Demand forecasting could be the foundation of all data-driven decisions in some of your business processes. It optimises all sorts of aspects of the supply chain, including distribution planning, production scheduling, inventory management, and strategic staffing. It lowers costs, improves services and reduces CO2. Learn more about what demand forecasting exactly is, how it works and why you should have it.
Demand forecasting is the type of data analytics that use algorithms to predict future demand of items, sales, transactions or whatever drives the demand, using historical data, past events and trends such as seasonality, weather, events and/or the competition. Essentially, algorithms process large sets of (historical) data to build models that predict the future with a certain confidence level. With accurate forecasts, managers in all aspects of the supply chain can make well-informed business decisions for staffing, logistics, sales and inventory.
There are plenty of theories and methods available for forecasting different types of patterns. They have however one thing in common: they work well in one situation but not in others. Therefore, all algorithms are trained on the same data and the one best suited to that situation or type of demand is picked. By using actual data, accuracy can be monitored and the approach can be changed automatically if it would lead to more accurate forecasts.
One of the implementations of demand forecasting is in inventory management.
Accurate demand forecasting gives powerful insights on how much, when and which products should be stocked in inventory. Forecasting can then be utilised to better align sales and marketing efforts and reduce the risk of stock outs, resulting in lower holding costs and increased turnover rates.
Simultaneously, demand forecasting also allows operational alignment in terms of logistics and workforce.
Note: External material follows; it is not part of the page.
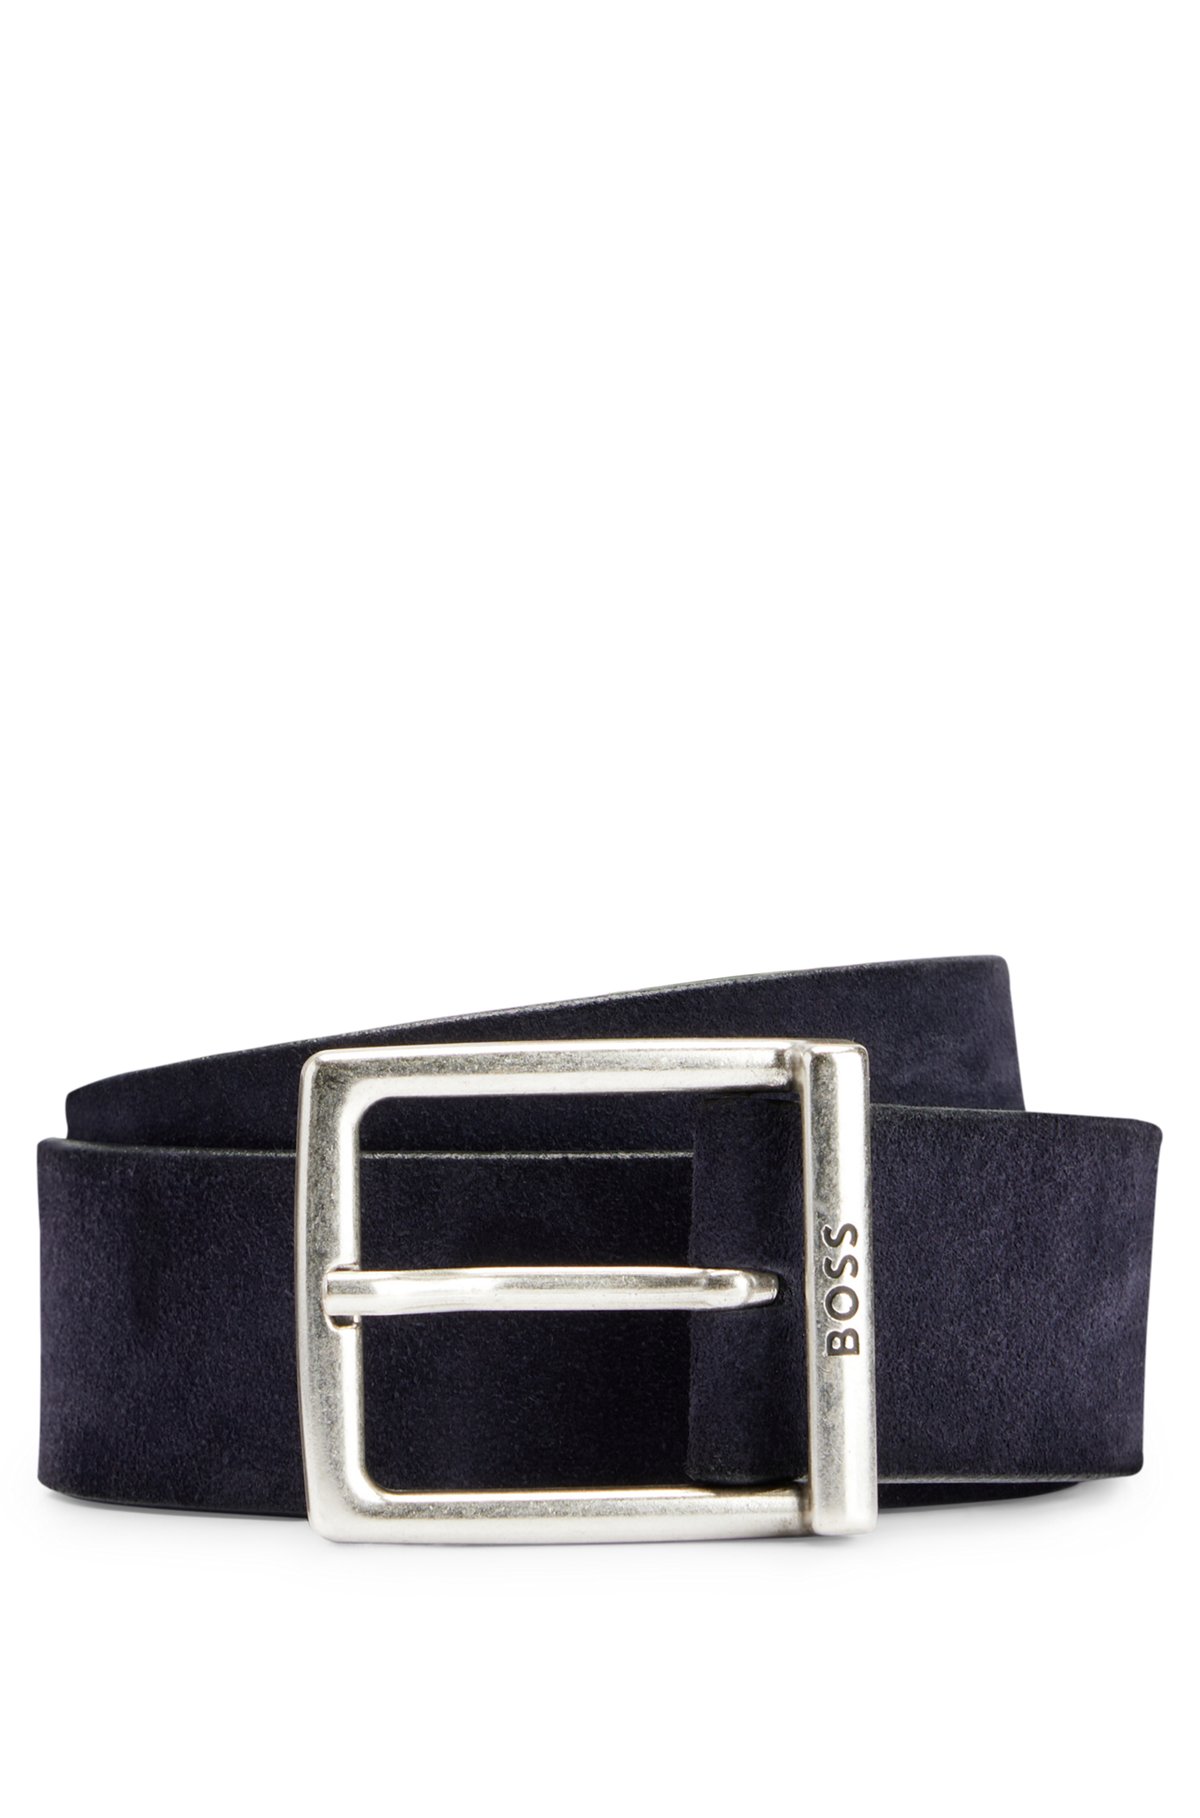 Cinturón de ante con hebilla cuadrada y logo grabado, Azul oscuro

Knowing exactly what demand will be, allows planners to coordinate their logistics and distribution with the right amount of vehicles, optimise routes and streamlining their warehouse activities. This lowers logistic costs and maximises asset efficiency.
Another area where demand forecasting can be of great help is in workforce management. Demand forms the perfect base to build schedules on. Labour demand forecasting, as we call it, allows you to translate demand into required head count and opens up doors to optimised shift creation and shift filling opportunities. An example is slightly undercovering demand when costs have to be reduced and overcovering demand when high service to customers must be guaranteed. With labour demand forecasting, costs will decline and service levels will increase.
Demand forecasting has been around for a long time, but with the newest technologies demand forecastings are more accurate than ever. It has also been easier to generate these forecastings more frequently, tweak and tune them manually and to understand the results. They give a deeper understanding of the available demand data and form a powerful tool to start optimising operations across the entire supply chain.